- North American cover art for Super NES version
- Developers: Atreid Concept Titus France (SNES)<
- Publishers: Loriciel Titus France (SNES)
- Designers: Didier Capdevielle Pascal Gallon
- Programmer: François Mathieu
- Artist: Stéphan Renaudin
- Composers: Frédéric Motte Philippe Girard
- Platforms: Amiga Amstrad CPC Atari ST MS-DOS Apple IIgs Macintosh Super NES
- Release: Amiga NA: 1991; EU: 1991; Super NES NA: April 1996; EU: 1996;
- Genre: Puzzle
- Mode: Single-player

= The Brainies =

1991 video game

The Brainies is a 1991 puzzle video game developed by Atreid Concept and published by Loriciel. It was released for Atari ST, Amiga, Apple IIgs, Macintosh, and Amstrad CPC computers. Even though its European title is Tiny Skweeks, the connection to the popular Skweek series was made late. The game is also known as The Tinies on home computers. Titus France licensed the game and released a port to the Super Nintendo Entertainment System in 1996.

==Gameplay==

Using the 3D mode in the Super NES version of the game, taking advantage of the Mode 7.

The gameplay revolves around Mexican jumping beans (referred to in game as Brainies) as they navigate 101 levels to solve the puzzles that are in their way.

A time limit is in effect; running out of time means losing a life.
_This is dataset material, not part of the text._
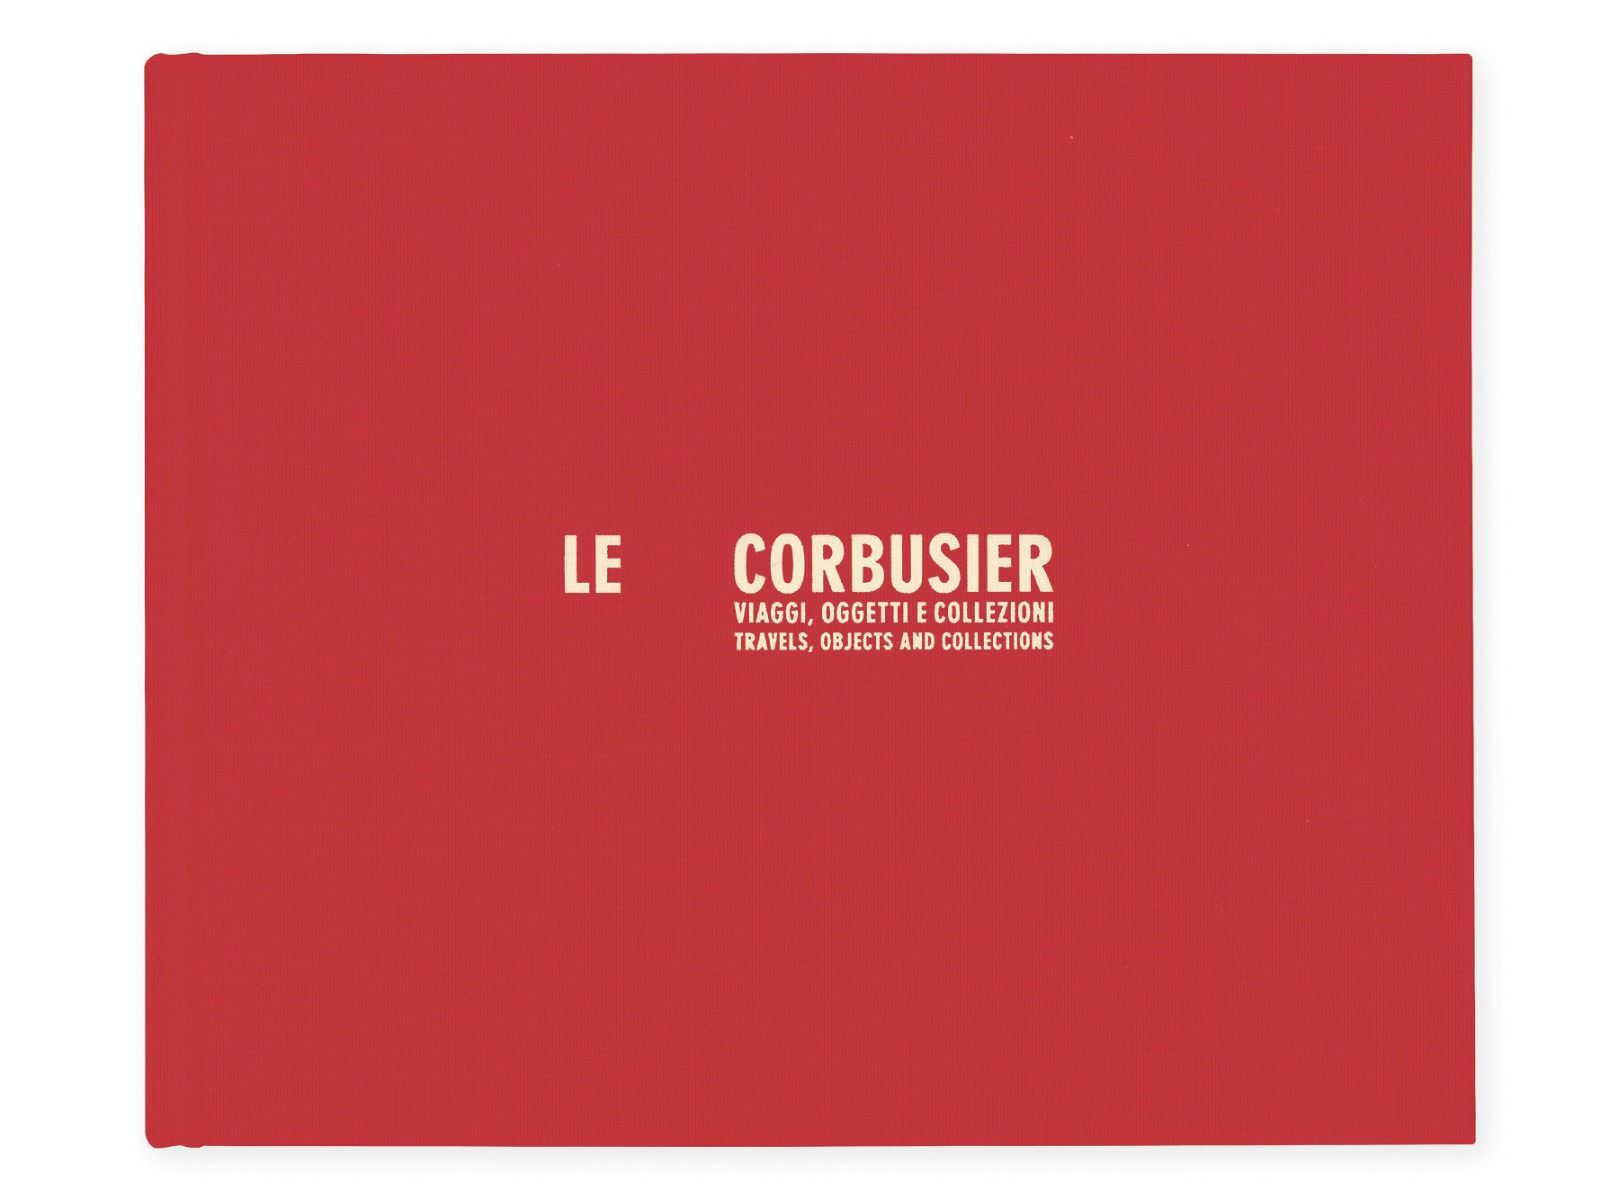  Le Corbusier - Travels, objects and collections

Players can only control the direction in which a Brainy will walk; taking care not to bump into another Brainy or an obstacle. There are four difficulty levels and the object is to return the Mexican jumping beans safely home. Items can be picked up; they may be beneficial or detrimental to the Brainy depending on certain factors. Arrows can also force a Brainy to change directions, rendering him helpless for a while and possibly messing up a carefully solved puzzle.

==Reception==
GamePro gave the Super NES version a generally positive review, criticizing that "the icons are too small", but praising the brain-stretching and addictive gameplay.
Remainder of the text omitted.